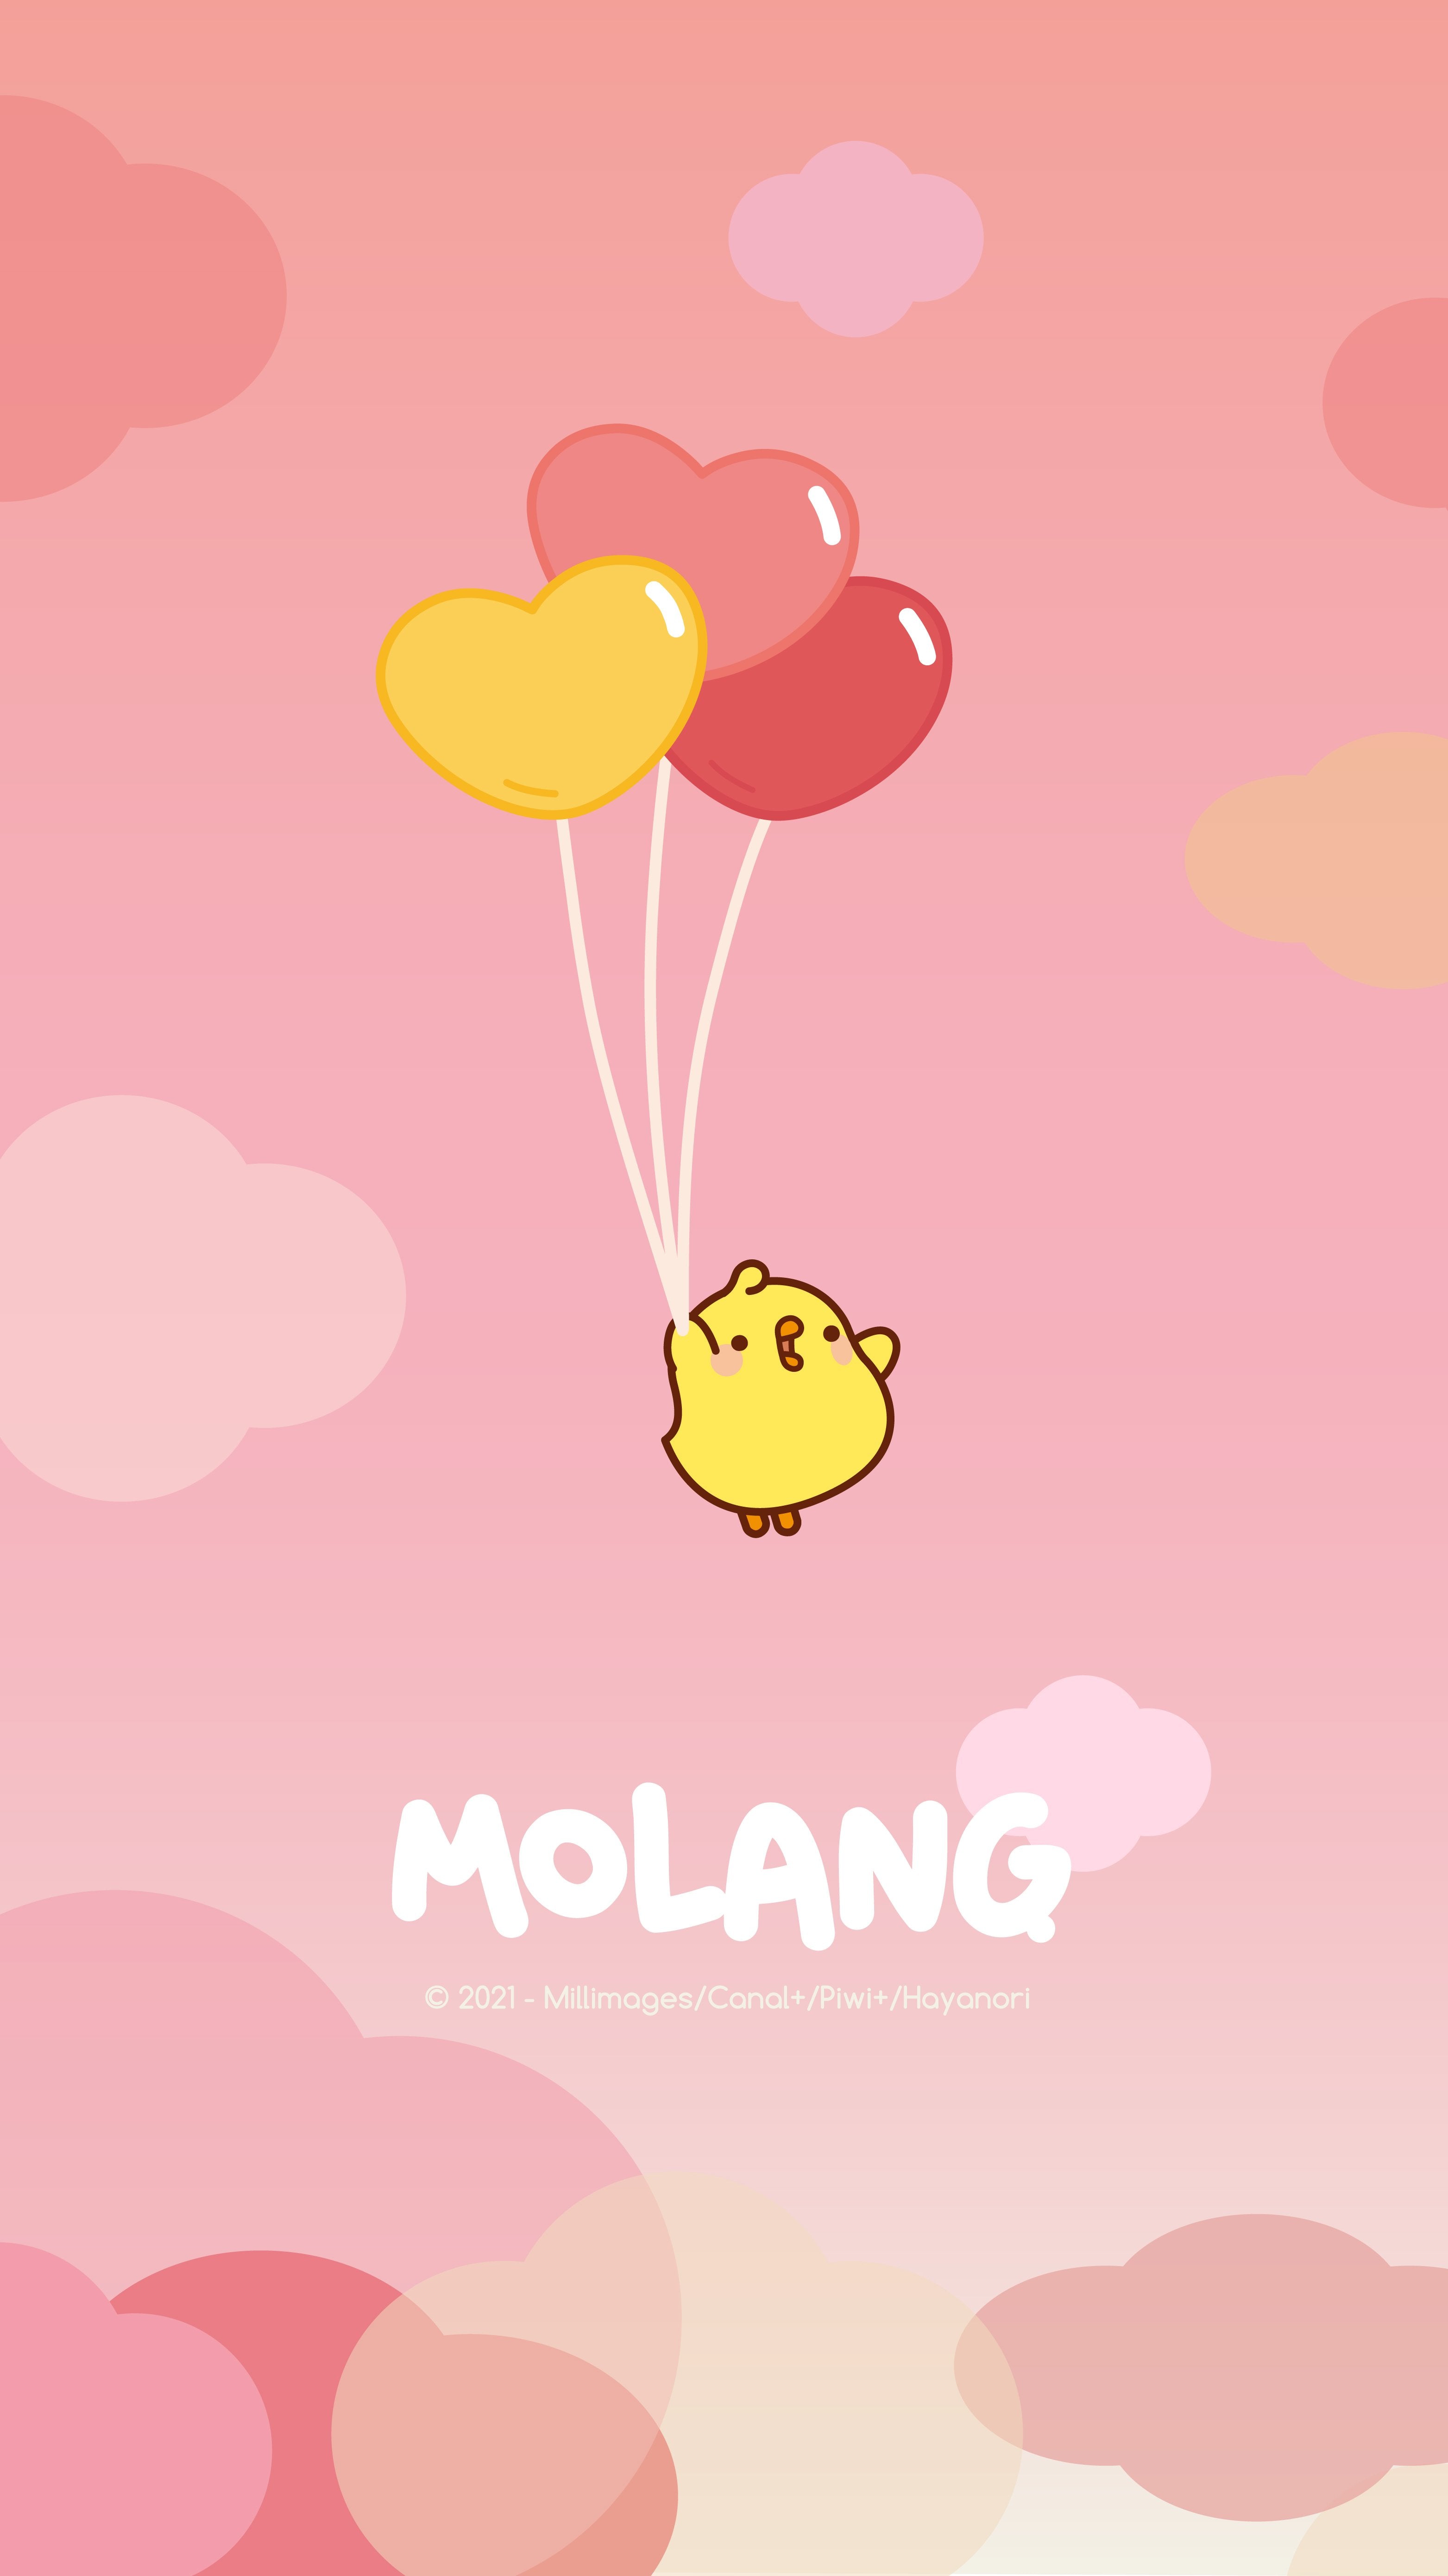 A cute cartoon bird flying with balloons - Molang
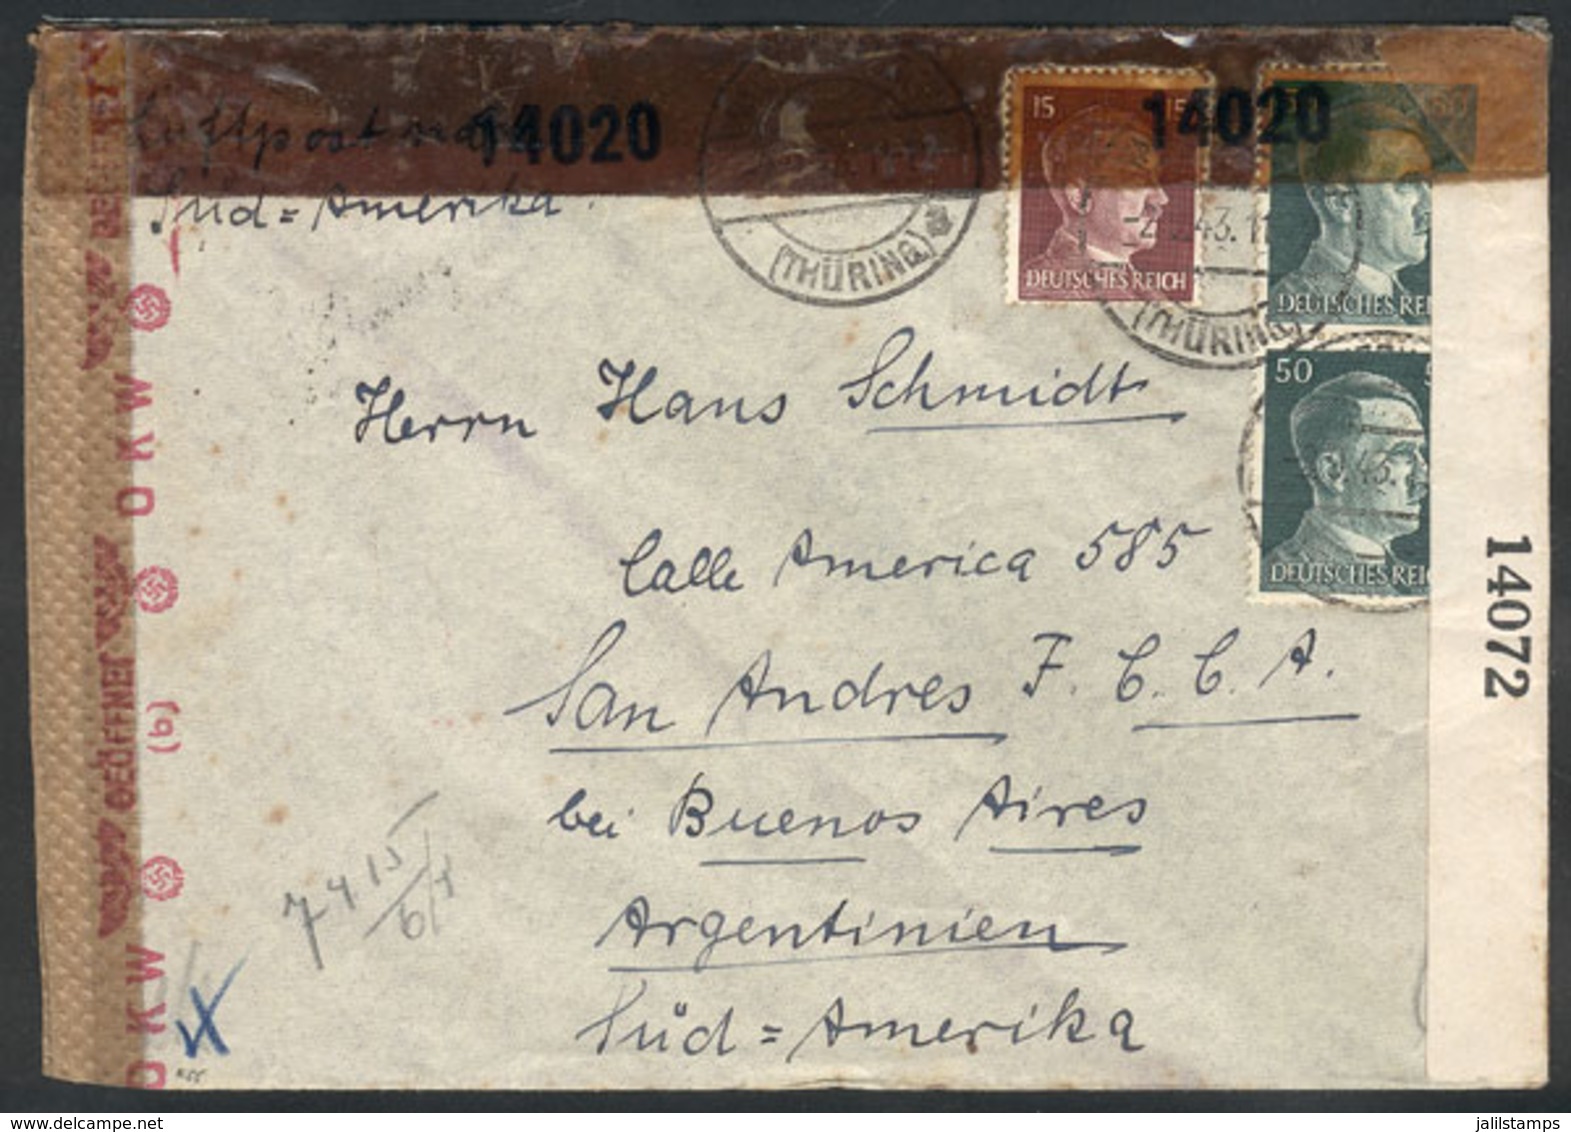 GERMANY: Airmail Cover Sent To Argentina On 2/SE/1943 With Interesting TRIPLE CENSORSHIP, VF Quality! - Préphilatélie
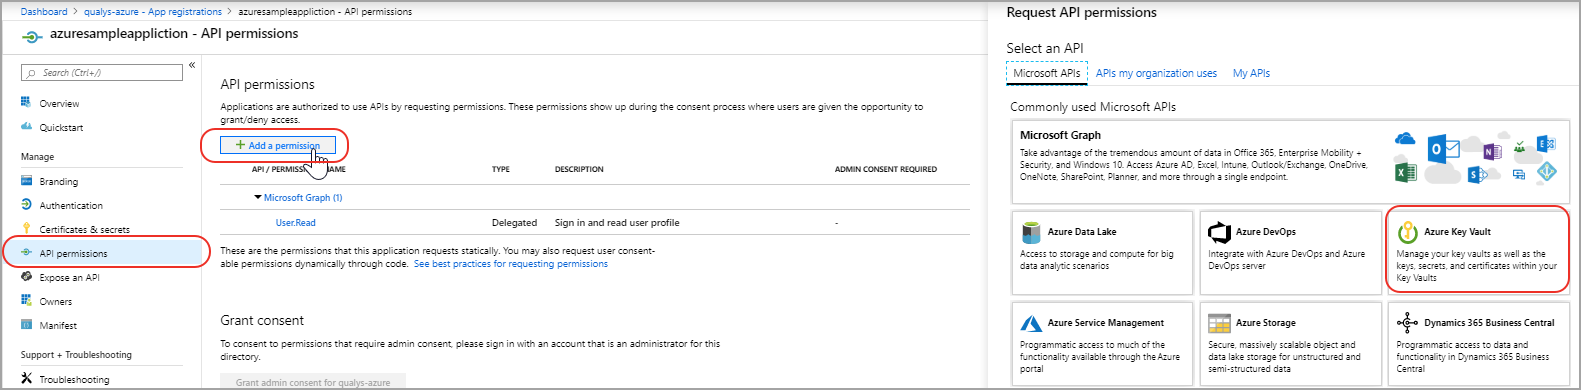 Azure Key Vault option in API permissions.

# WORK ITEM:
Every line above goes into the copy unchanged; the pictures do not.

# OUTPUT:
 A cute cartoon bird flying with balloons - Molang
 GERMANY: Airmail Cover Sent To Argentina On 2/SE/1943 With Interesting TRIPLE CENSORSHIP, VF Quality! - Préphilatélie
 Azure Key Vault option in API permissions.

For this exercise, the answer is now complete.